The remaining space on the boot disk is made into a `rw` partition, used for `/home` and `/var`.

## Changes from upstream

- `make-disk-image.nix` - the only significant change here is I added a `uuid` parameter to set the root filesystem uuid. I'm not 100% sure this was necessary, it might have been fine with partlabels.

## The future

- EFI/ARM: Right now this only supports x86/legacy boots. The servers I'm working with all support legacy boot, and Vultr only supports legacy boot so this was the priority. The only thing that's fixed to x86/legacy boots is the disk partitioning and `grub-install` call, which probably needs to be extended for EFI, so it shouldn't theoretically be too hard to add.
- More smarts about identifying a drive.
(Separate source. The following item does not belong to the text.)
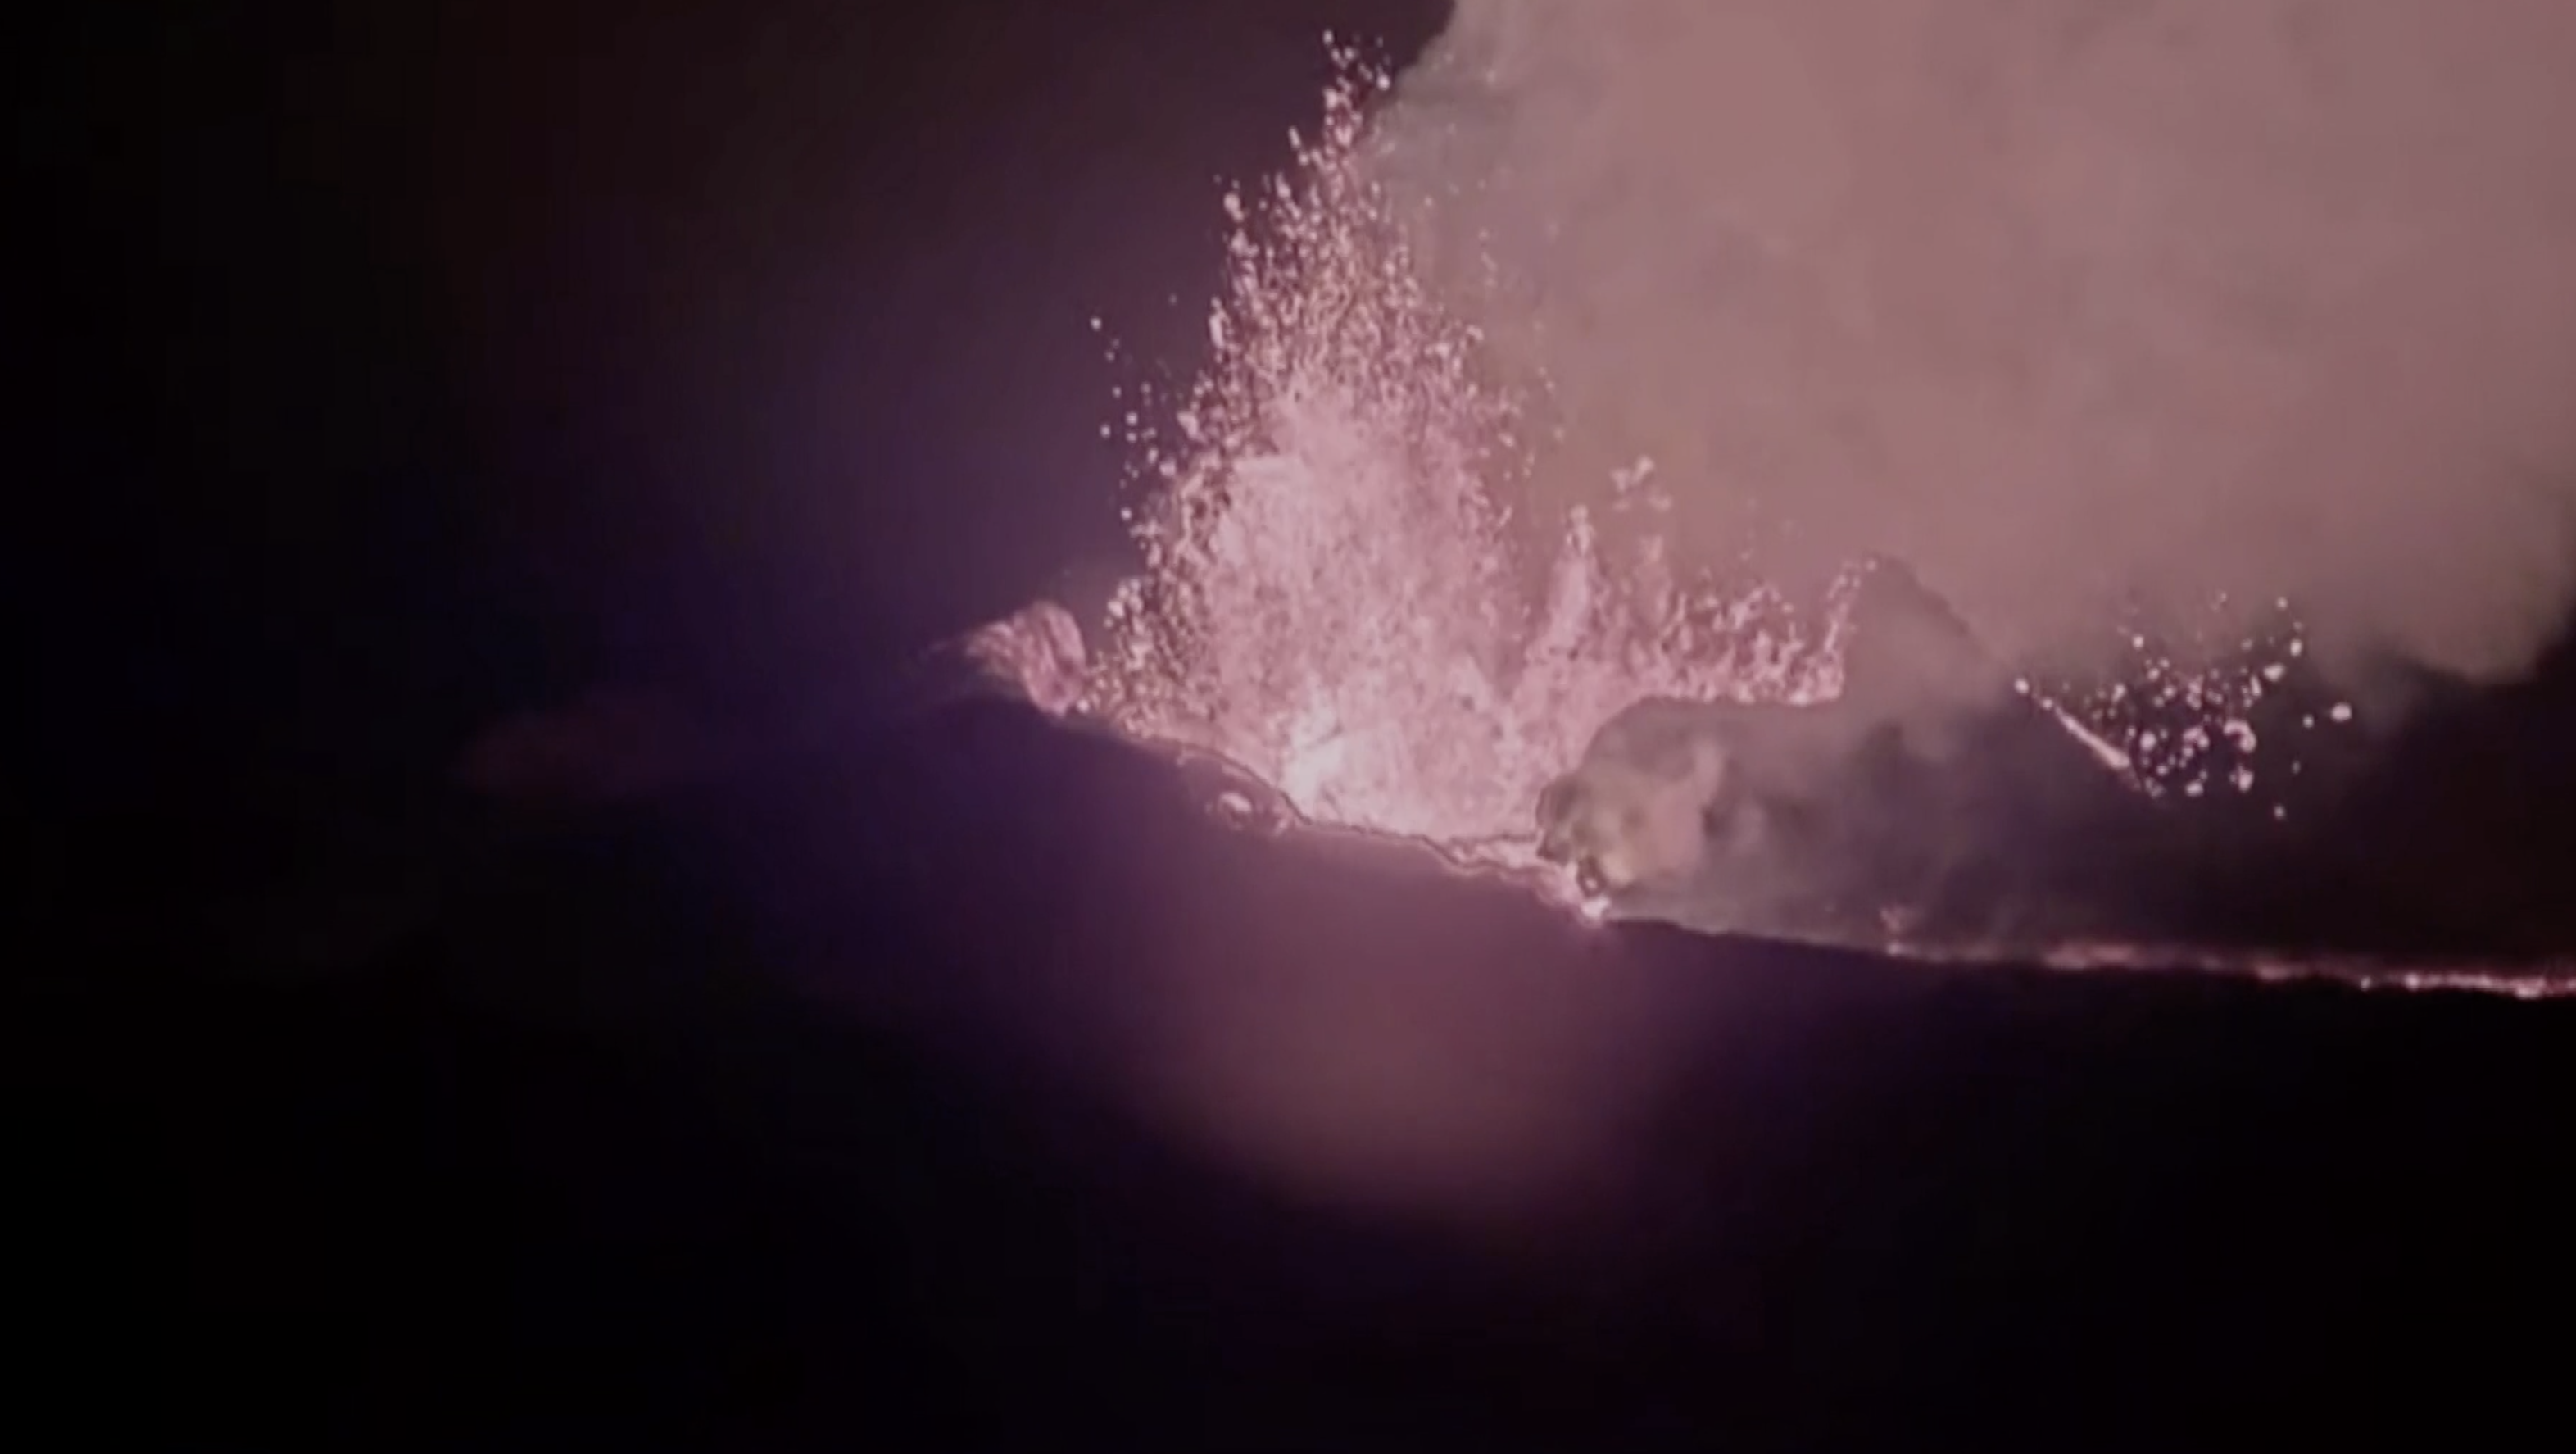 Live video shows Hawaii's Mauna Loa volcano erupting

This is really hard since some cloud providers order disks randomly and there's no generally good way to identify one disk or another. The current "first disk" is probably okay.
- More filesystem layouts.
- Supporting more fallbacks?

Some things that didn't quite pan out

- Squashfs: I managed to get the system to boot with some hacks but there were weird issues with nscd, networking, logging in, and various other things breaking. I needed to hack on the NixOS `stage-1-init.sh` among other things. Squashfs would have been cool since they could be put on the same partition to save some space, plus they're smaller and (theoretically) can make boot faster on systems with slow disk io.
- Hashing while writing the data. I'm not sure what happened, hashing after writing produced the expected sha256 sum. My best guess is the http library is adding an extra null byte at the end or something.